▶ [Assignment]:
Make an exact copy of all the data, pictures excluded.

▶ [Information shown]:
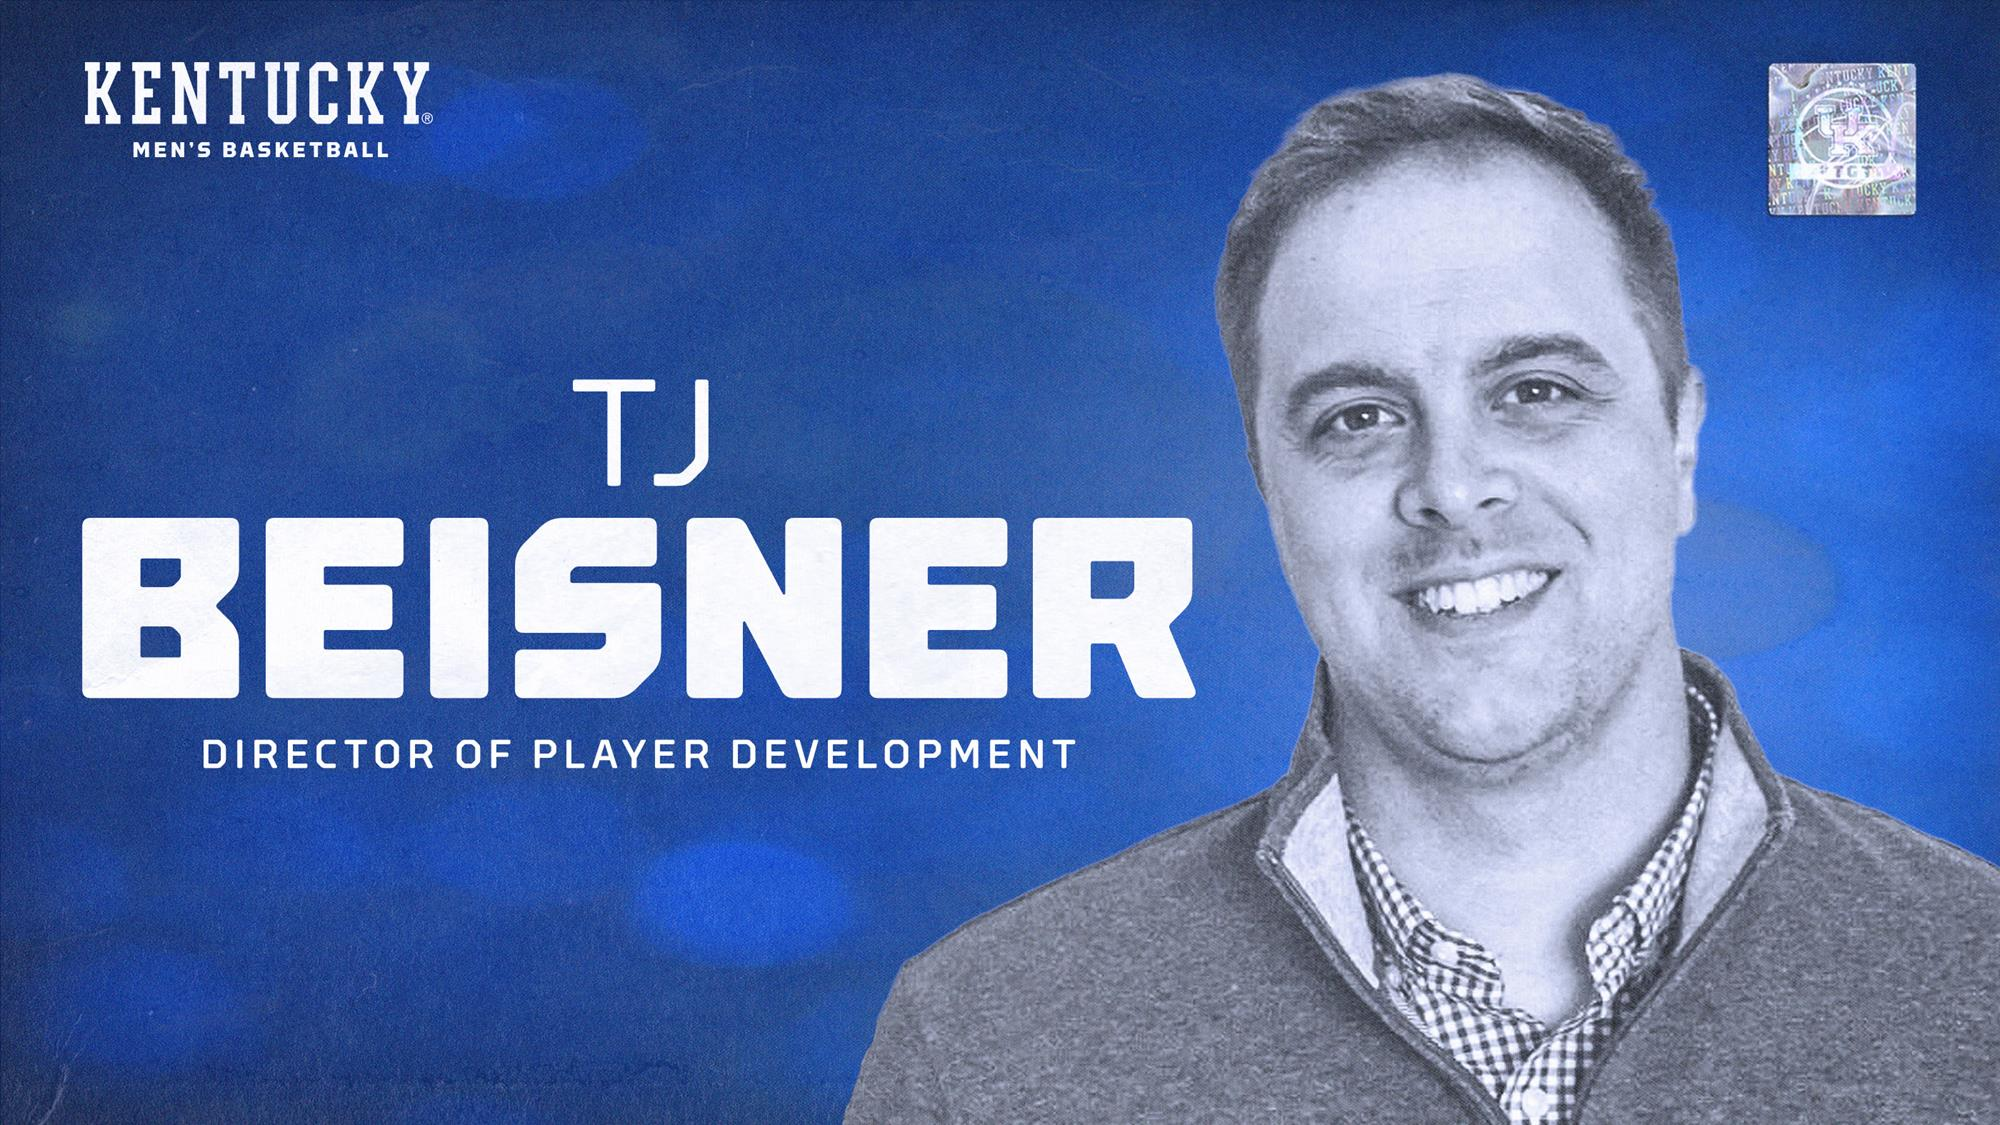 TJ Beisner Tabbed UK MBB Director of Player Development
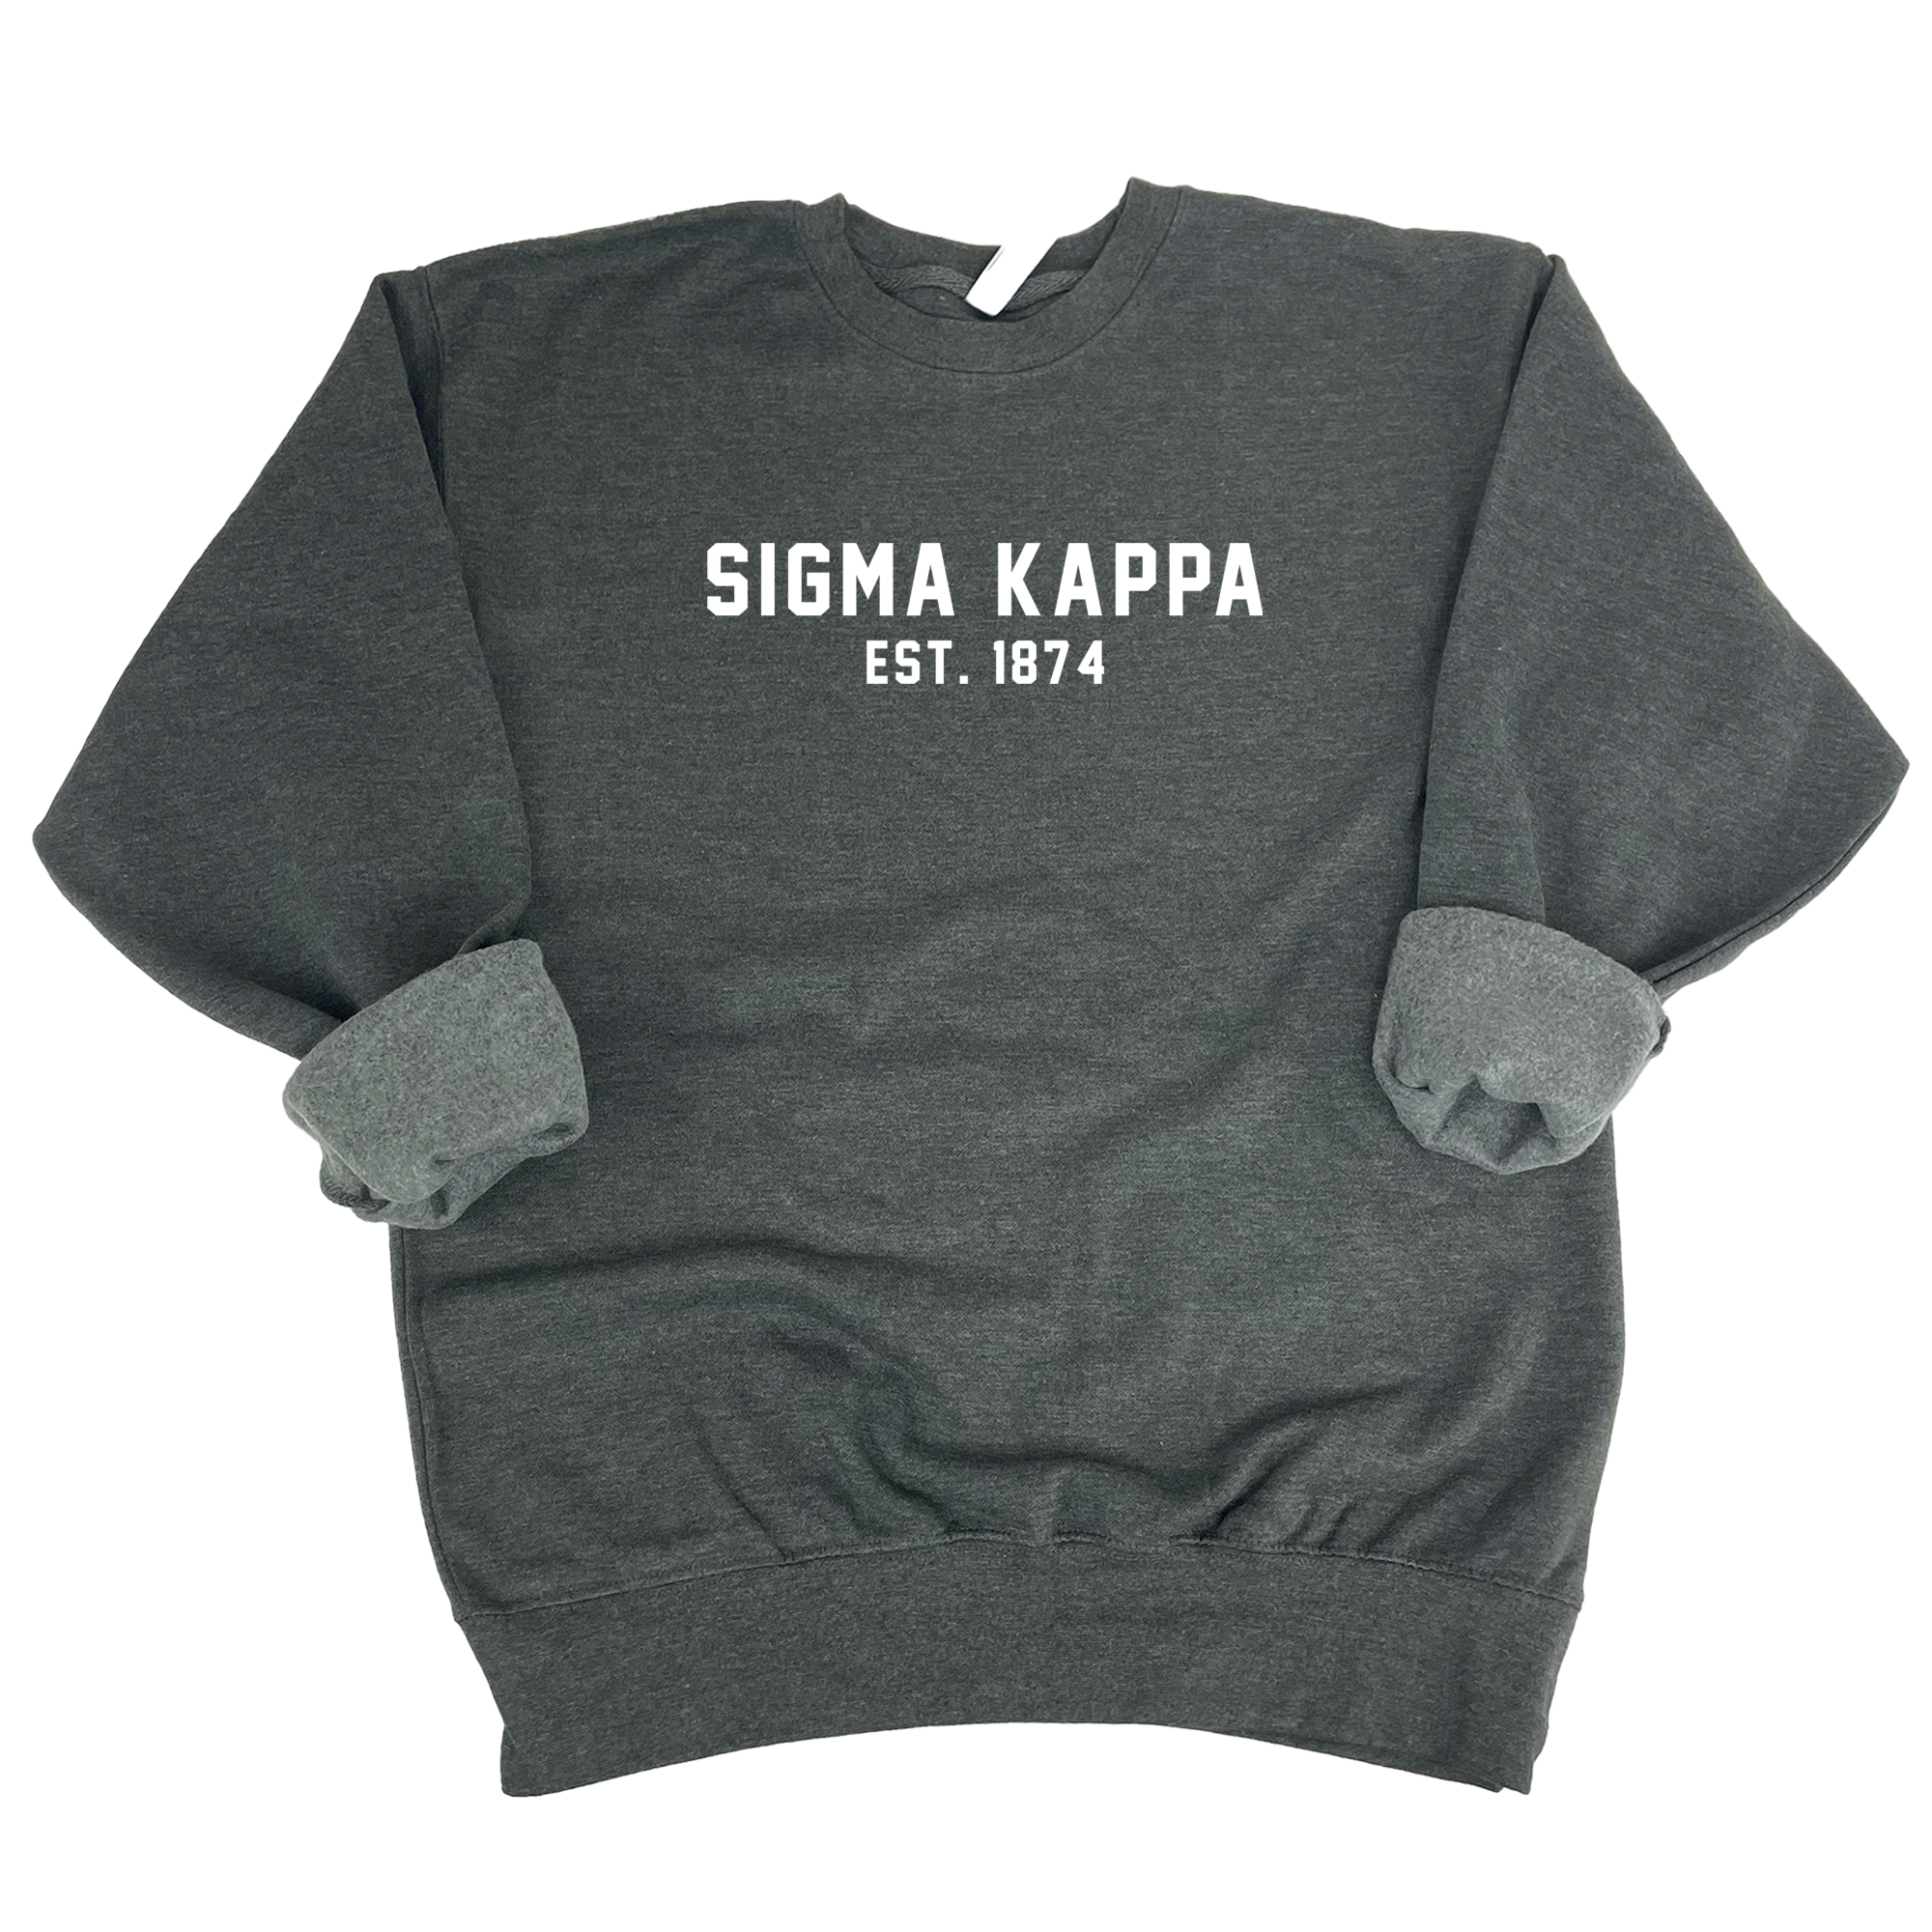 Est. Chic Greek Sweatshirt 1874 Go Kappa Sigma –
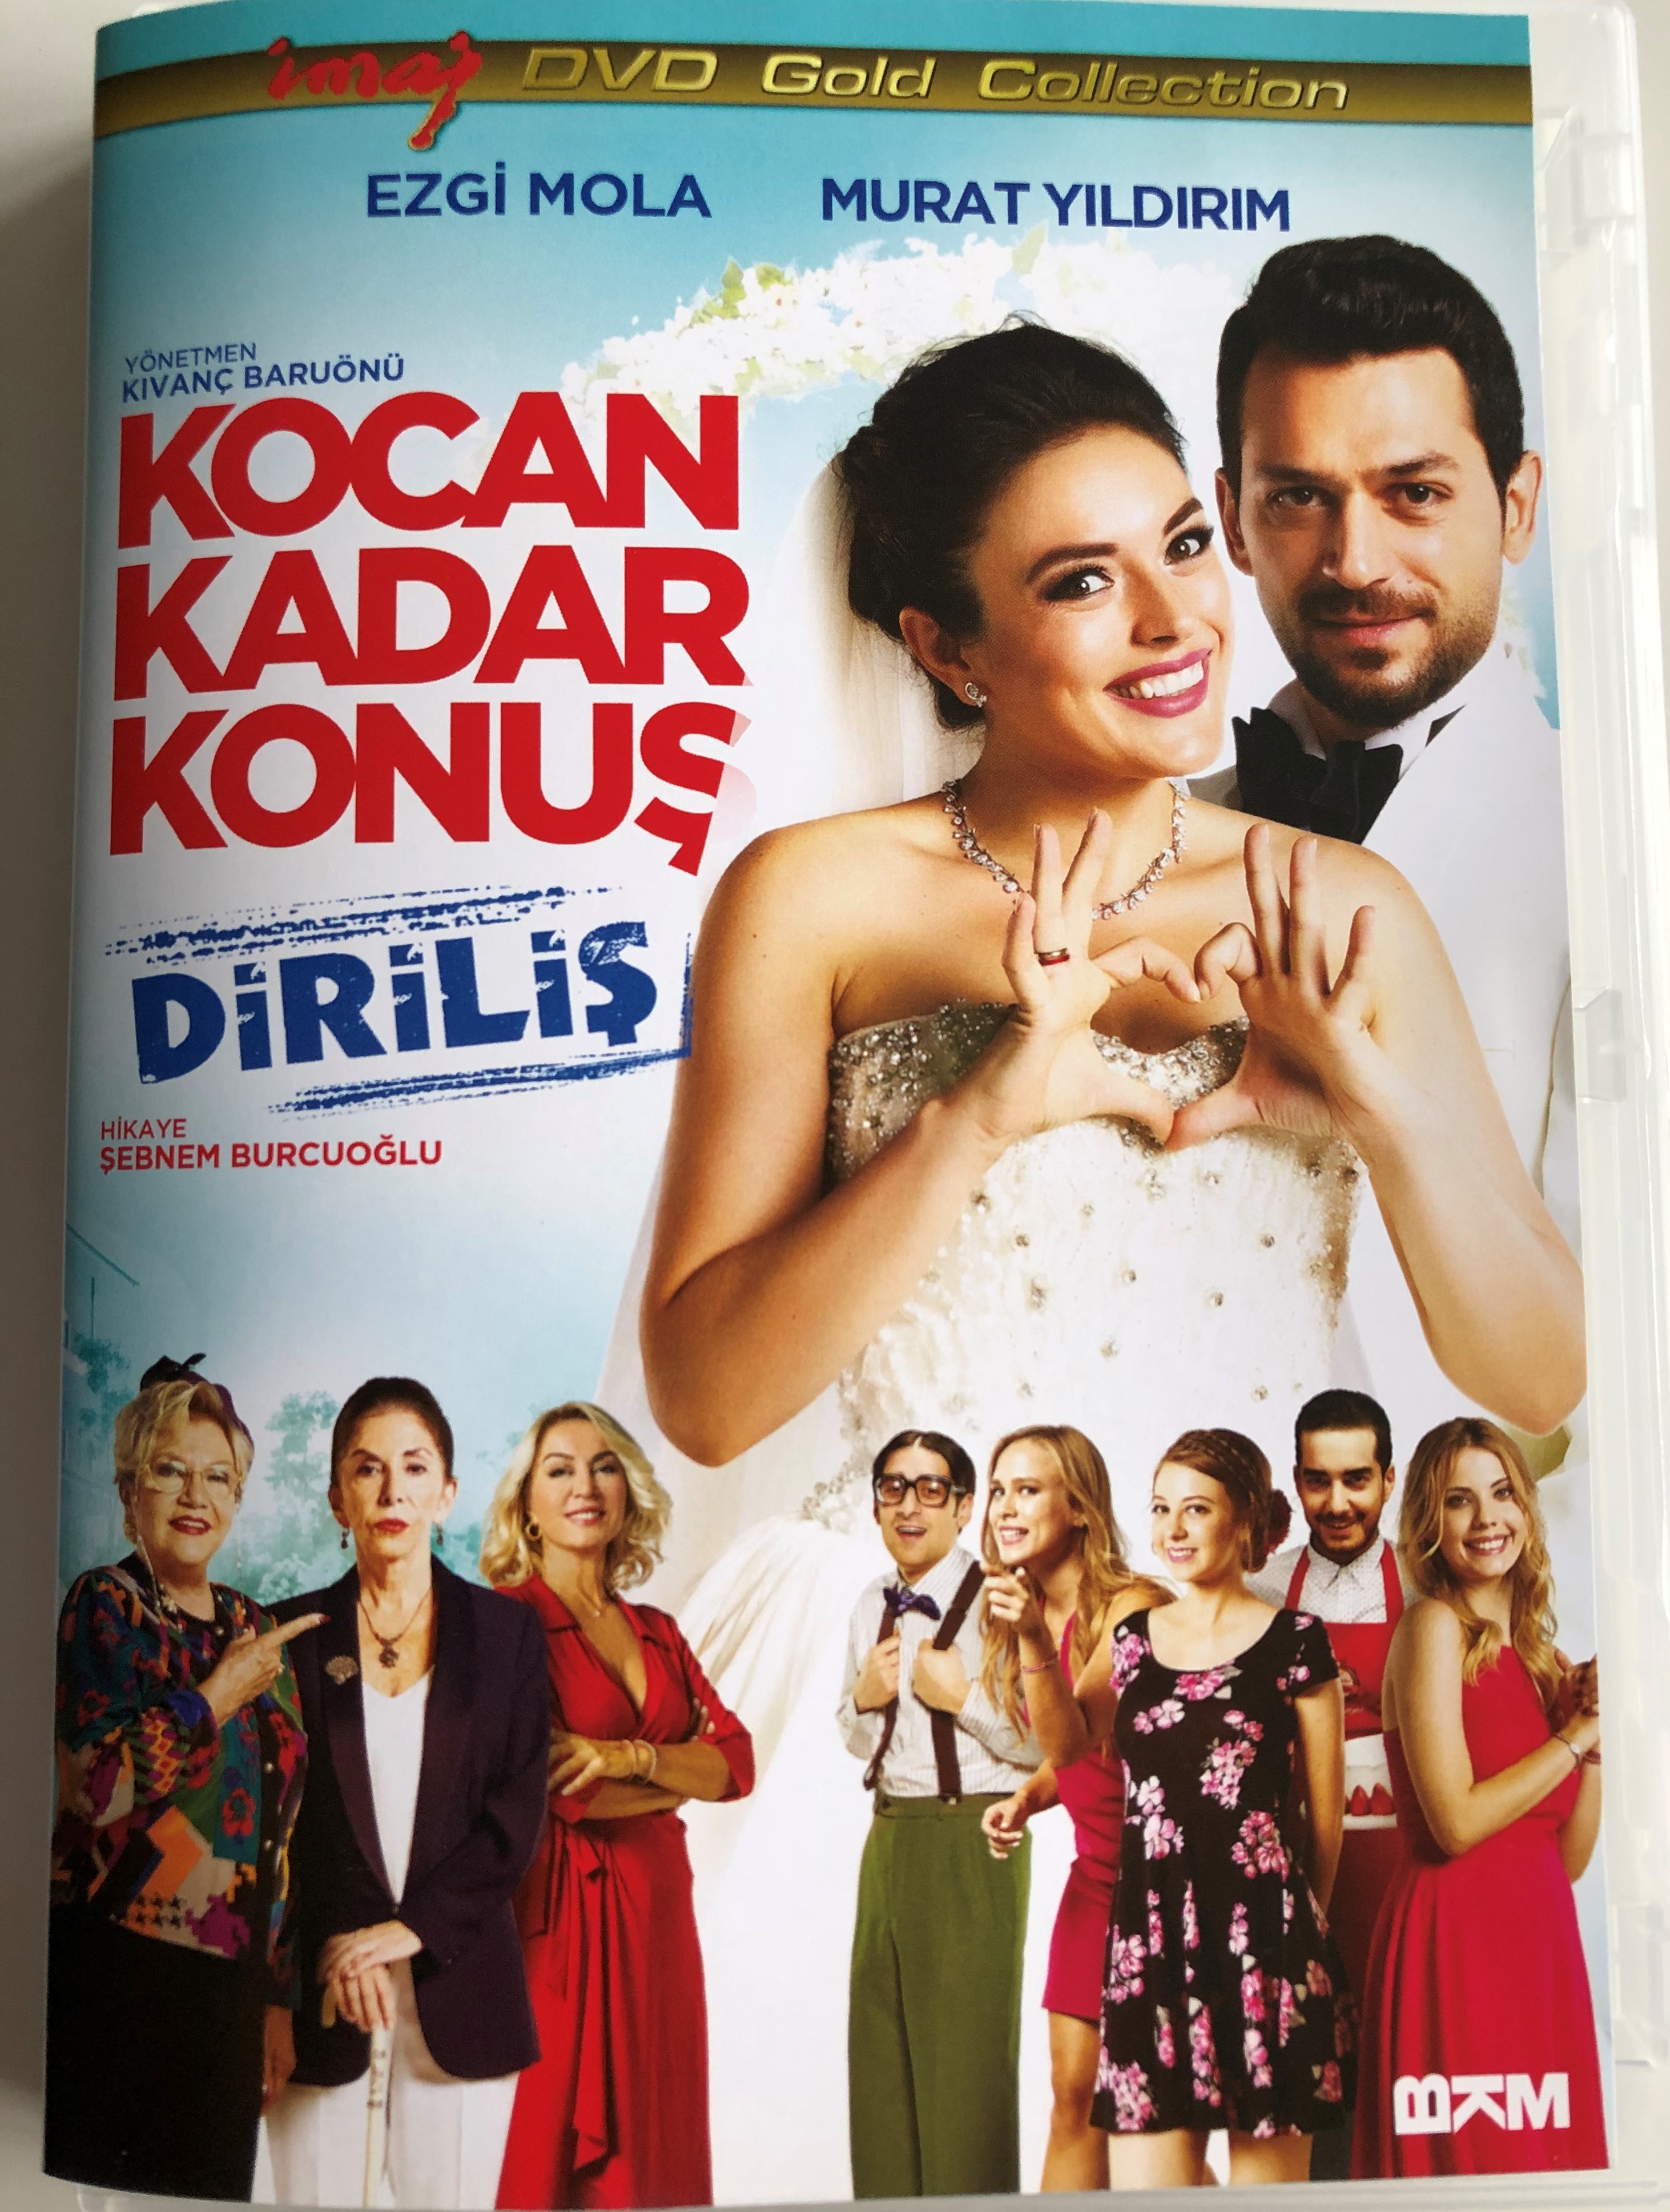 kocan-kadar-konus-dvd-2015-husband-factor-directed-by-kivan-baru-n-starring-ezgi-mola-murat-y-ld-r-m-1-.jpg

▶ [Output for this exercise]:
 TJ Beisner Tabbed UK MBB Director of Player Development
 Est. Chic Greek Sweatshirt 1874 Go Kappa Sigma –
 kocan-kadar-konus-dvd-2015-husband-factor-directed-by-kivan-baru-n-starring-ezgi-mola-murat-y-ld-r-m-1-.jpg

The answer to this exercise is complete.